The first banners were hung across Main Street and across the main mall in Poughkeepsie during the ArtScape Festival in 1991. When the Rosendale Banner came down Ladin rearranged its modules and re-installed it as a “Sky Canopy” at the Wallkill Rail Trail bridge off Springtown Rd. in New Paltz. Same fabric, same pieces, held together by steel cable. This is an art which is in direct relation to nature, in concert with the environment. The banners are not in a museum or a gallery. They define the landscape by their presence, and are defined by their landscape and the elements, vulnerable to the weather, at its mercy. Wind tears at them; rain soaks them, sun bleaches and thins them. Who was it who said, “Weather is the last frontier?” We have gained control over everything else—oceans, biology, space. What a relief to know there is a place where we are still awed by the powers of the natural world. These banners speak to that awe, to life as delicate, tenuous, powerful. They make a sound, a pleasant sound of wind ruffling, beating at cloth. Their tenuous aspect was a cause for anxiety, Ladin said. Every morning he would wake and the thought would occur, “Are they still up? Has the wind torn them down?” The wind load was frightening, he said. O ephemeral existence! Buddhists and Taoists exclaim.
Whereas the great emotional distance I felt in the figures was terrifying, now in the banners it is an exalted detachment that uplifts, enlivens, pacifies, liberates.
Flag and banner are closely tied to symbol and literal message. And although I have ascribed meanings to Ladin’s Sky Banners, in fact they go in the opposite direction, away from the symbolic, the message. They carry no message. They are not ironic. They are purposeless. Ladin says he wants to stay away from promoting personal propaganda in specific symbols or symbolism. He has chosen the perfect vehicle for this, for the banners exert no propaganda on us viz any doctrine at all, and therein lies their freedom. And in that freedom metaphors fly on the winds of our individual and collective imagination. What a paradox. An art of such freedom—an anonymous art touching so many without interfering with them. The banners forge a communal relationship between art, people and nature.
“I can’t tell you how many people came up to me when they found out I was the person who did the Rosendale railroad bridge banner to tell me ‘Oh my God you made my drive home from work a joy! The banner made me feel good, made me forget the troubles of the day’” Ladin said. “The best thing I heard was from a woman who told me how her daughter would see the banner on her way to school each day [To see art every day—that’s a lot!] and she would report to me, ‘Oh the banner was drooping and still today. It looked so sad.’ Or, ‘it was sailing and filled with wind; it made me so happy!’” Ladin says, “More people saw this banner than all of my gallery shows put together. And that’s a responsibility!”

From the Icons series
People are moved by the Sky Banners as they are by nature, by weather as mood where emotions shift suddenly, subtle as wind.

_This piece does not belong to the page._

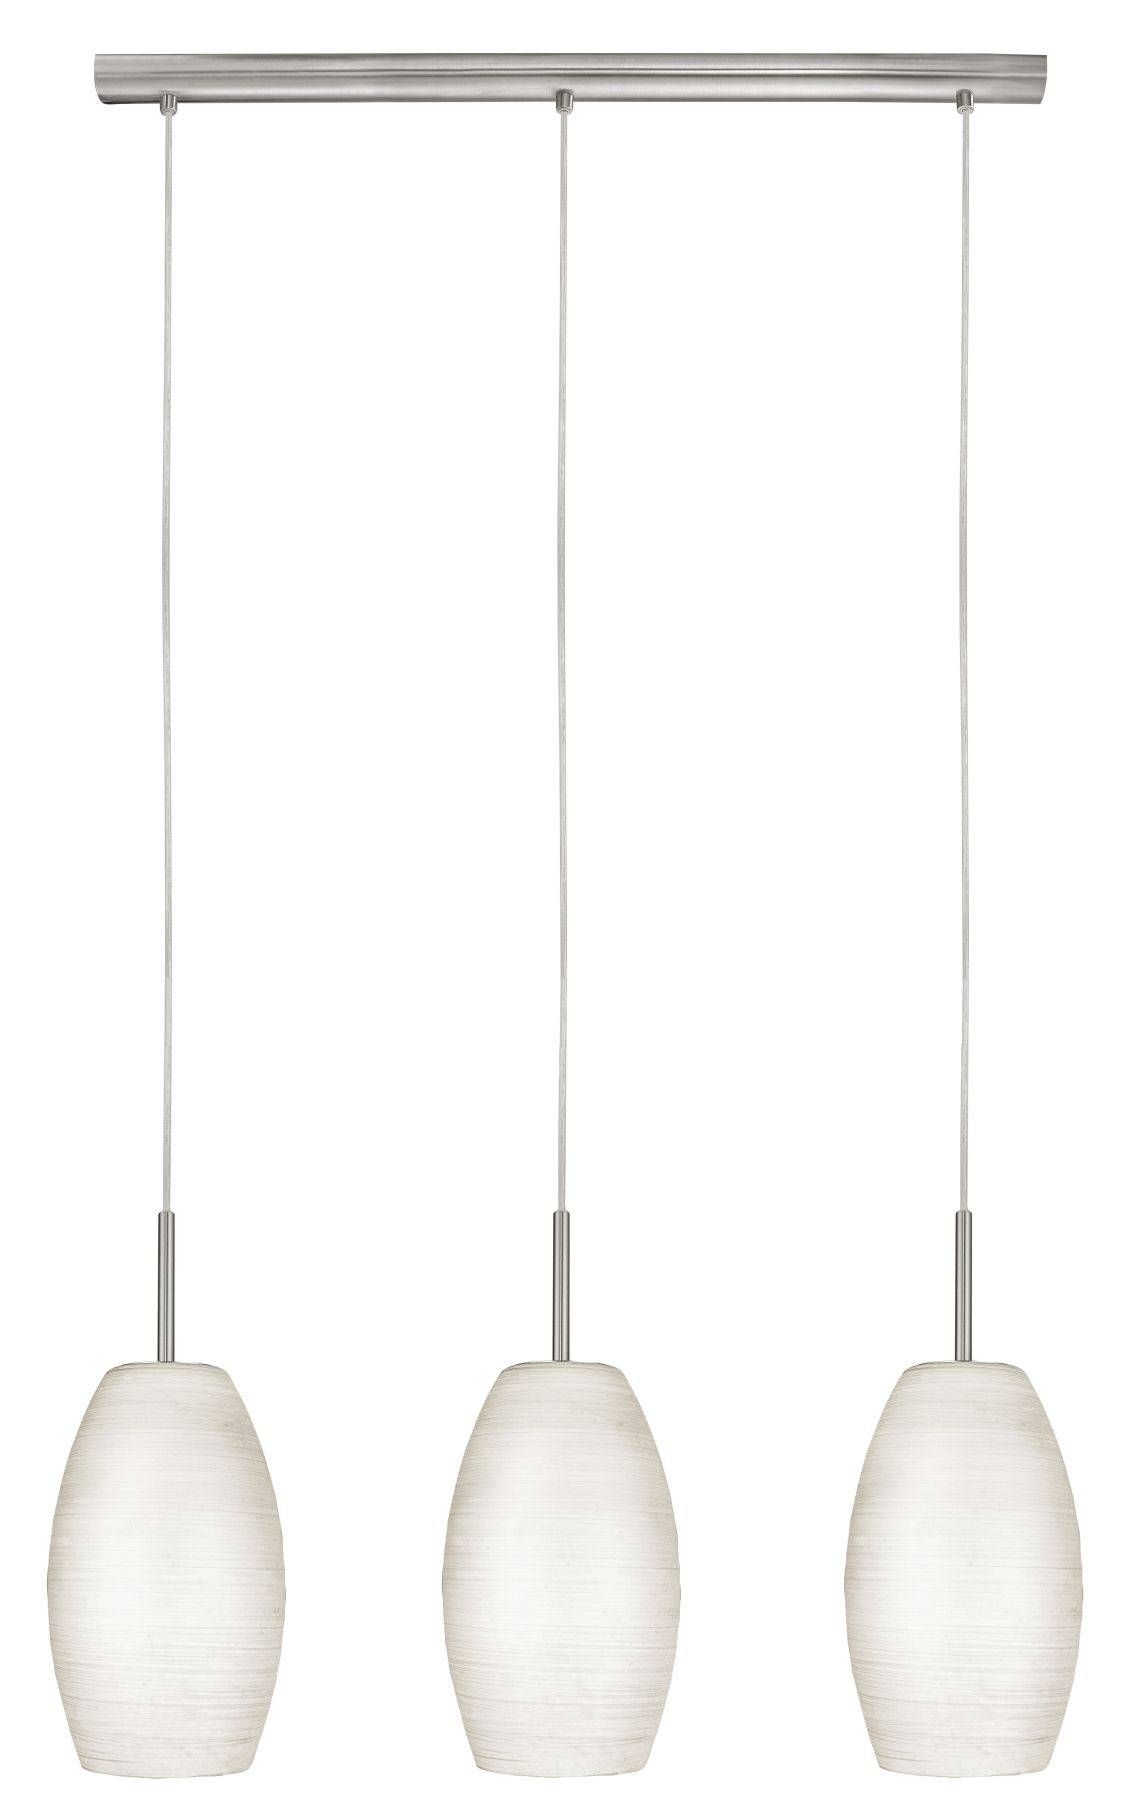 Pendant Lighting: Hanging Light Fixtures Sample Ideas Hanging In Commercial Hanging Lights Fixtures (View 5 of 15)

The City of Kingston has asked Ladin to design a banner for the city. The banner is to hang from the Wilbur railroad bridge over the Rondout Creek near the Strand. It will be a triangular banner approximately 80 feet by 40 feet high, the largest, most ambitious one Ladin has attempted to date. Even more elaborate engineering will be required to hang this gigantic banner, as well as a boat to direct the installation from. Ladin is seeking permission from Conrail as it is an active train bridge. He is in the process of raising funds for the project and is making plans for the banner to be installed this summer.
A show of Stephen Ladin’s paintings, sculpture and ceramics will open March 12 at the Albert Shahinian Gallery at 198 Main Street in Poughkeepsie, 5-9 p.m., with a poetry reading at the gallery from 8-9 p.m. featuring J.J. Blickstein and Susan McKechnie.